HAVING clause for filtering the rows not for other purpose
Basically HAVING clause is used to filter the rows after all the rows are selected. It is just like a filter. We should avoid HAVING clause for any other purposes. Considering below example:
Use:
SELECT cellName, count(cellName)
FROM internal_channel_switching
WHERE cellName != ‘1059’
AND cellName != ‘5730’
GROUP BY cellName;
Instead of:
SELECT cellName, count(cellName)
FROM internal_channel_switching
GROUP BY cellName
HAVING cellName != ‘1059’ AND cellName != ‘5730’;
Minimizing number of subquery blocks in the query
Sometimes you may have more than one subqueries in your main query. Try to minimize the number of subquery block in your query. Considering below example:
SELECT name
FROM employee
WHERE (salary, age) = (SELECT MAX (salary), MAX (age)
FROM employee_details) AND emp_dept = ‘Computer Science;
instead of
SELECT name
FROM employee
WHERE salary = (SELECT MAX(salary) FROM employee_details)
AND age = (SELECT MAX(age) FROM employee_details) AND emp_dept = ‘Computer Science’;
Use operator EXISTS, IN and table joins appropriately in your query
- Usually IN has the slowest performance.
- IN is efficient when most of the filter criteria is in the sub-query.

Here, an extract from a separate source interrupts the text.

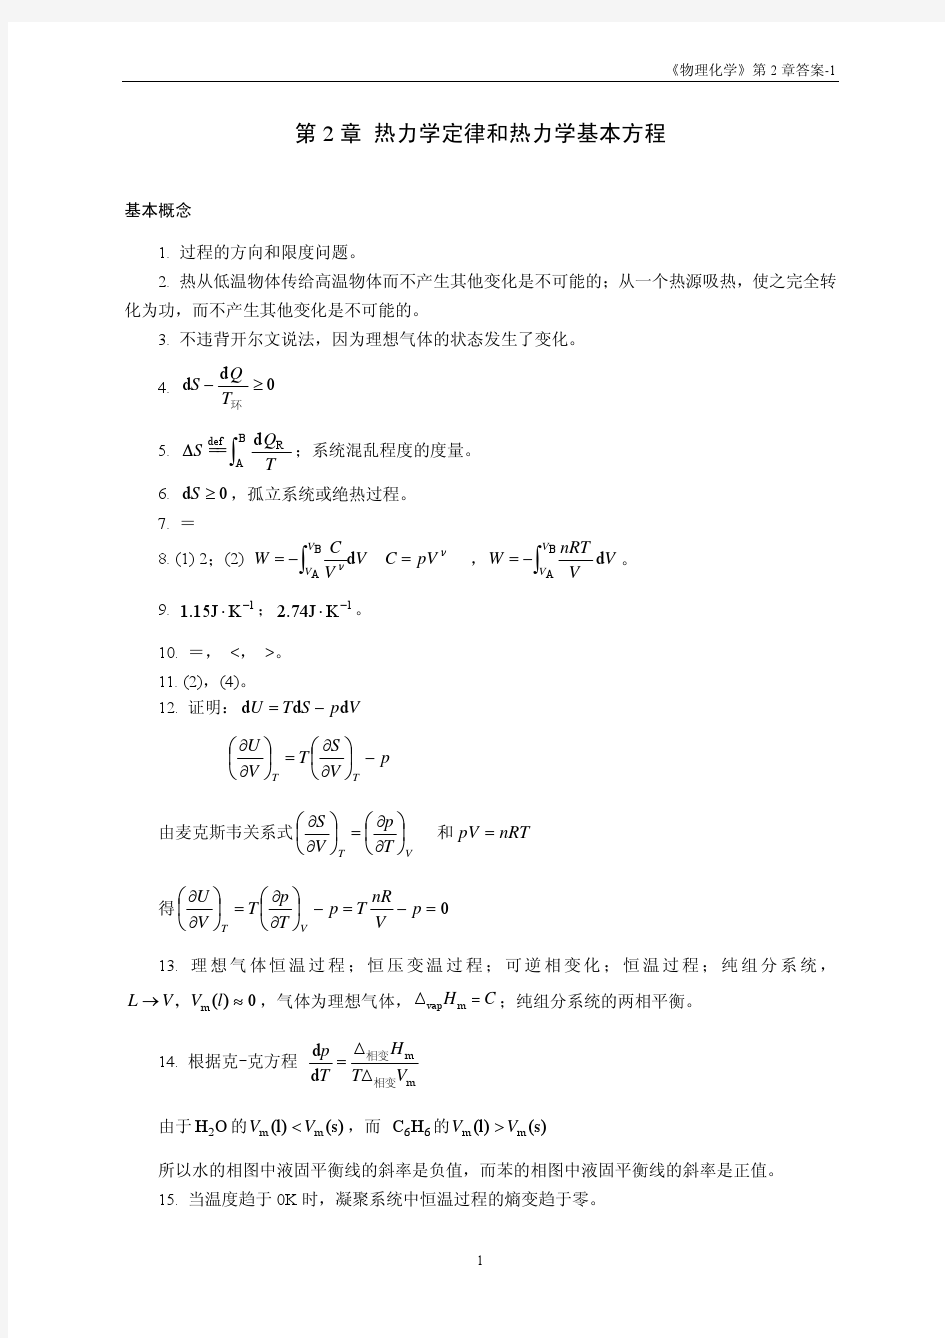 华东理工大学物理化学练习题答案2

- EXISTS is efficient when most of the filter criteria is in the main query.
Considering below example
Use:
Select * from product p
where EXISTS (select * from order_items o
where o.product_id = p.product_id)
Instead of:
Select * from product p
where product_id IN (select product_id from order_items)

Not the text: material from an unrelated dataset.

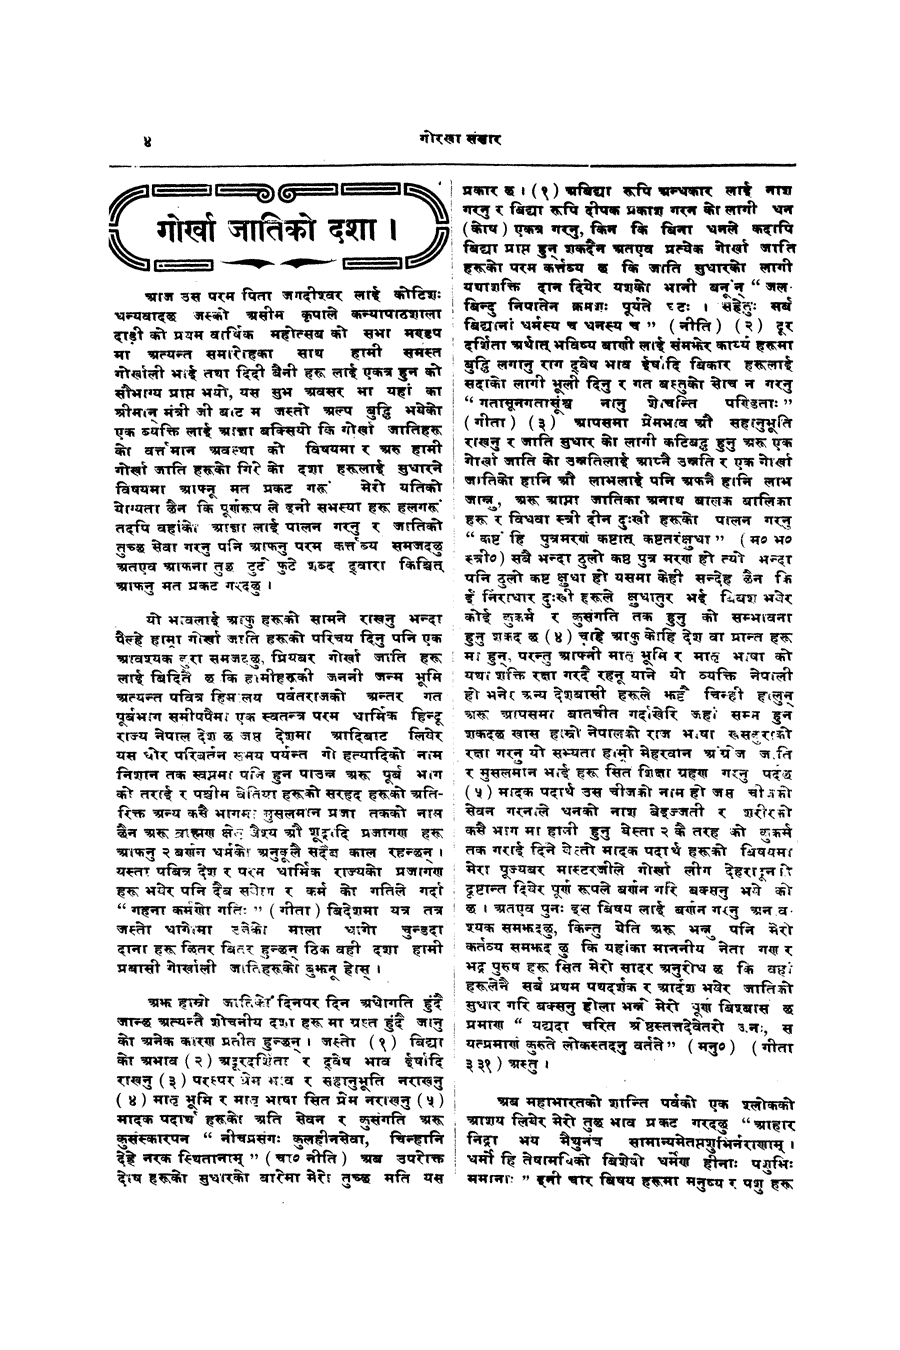 Gorkha Sansar, 23 Nov 1926, page 4

Giving importance to the conditions in WHERE clause
Recommended
SELECT emp_id, first_name, salary FROM employee WHERE salary > 50000;
Not recommended
SELECT emp_id, first_name, salary FROM employee WHERE salary != 50000;
Recommended
SELECT emp_id, first_name, salary
FROM employee
WHERE first_name LIKE 'Pravat%';
Not recommended
SELECT emp_id, first_name, salary
FROM employee
WHERE SUBSTR(first_name,1,3) = 'Pra';
Recommended
SELECT emp_id, first_name, salary
FROM employee
WHERE first_name LIKE NVL ( :name, '%');
Not Recommended
SELECT emp_id, first_name, salary
FROM employee
WHERE first_name = NVL ( :name, first_name);
Recommended
SELECT product_id, product_name
FROM product
WHERE unit_price BETWEEN MAX(unit_price) and MIN(unit_price)
Not Recommended
SELECT product_id, product_name
FROM product
WHERE unit_price >= MAX(unit_price)
and unit_price <= MIN(unit_price)
Recommended
SELECT emp_id, first_name, salary
FROM employee WHERE dept = 'ComputerScience'
AND location = 'Singapore';
Not Recommended
SELECT emp_id, first_name, salary
FROM employee
WHERE dept || location= 'ComputerScienceSingapore';
Use non-column expression on one side of the query because it will be processed earlier.
Recommended
SELECT emp_id, first_name, salary
FROM employee
WHERE salary < 25000;
Not Recommended
SELECT emp_id, first_name, salary
FROM employee
WHERE salary + 10000 < 35000;
Recommended
SELECT emp_id, first_name, age
FROM employee_details
WHERE age > 35;
Not Recommended
SELECT emp_id, first_name, age
FROM employee_details
WHERE age NOT = 35;
Better to limit the data flow down the queries in HQL scripts
Basically while executing the HQL script, the sequence of query getting executed from top to bottom and the volume of data that flows each level down is the factor that decides performance. Here we need to ensure that make sure that the data filtration happens on the first few stages rather than bringing unwanted data to bottom. This will give you significant performance numbers as the queries down the lane will have very less data to crunch on. Here we need to understand the requirement or the existing SQL script and design your hive job considering data flow
Conclusion
Improvement of performance or computational cost etc. of a query is important. In MapReduce environment, we can use metadata statistics to further optimize query plan. Column level statistics and table level statistics can be collected for analyzing the execution plan to optimize further.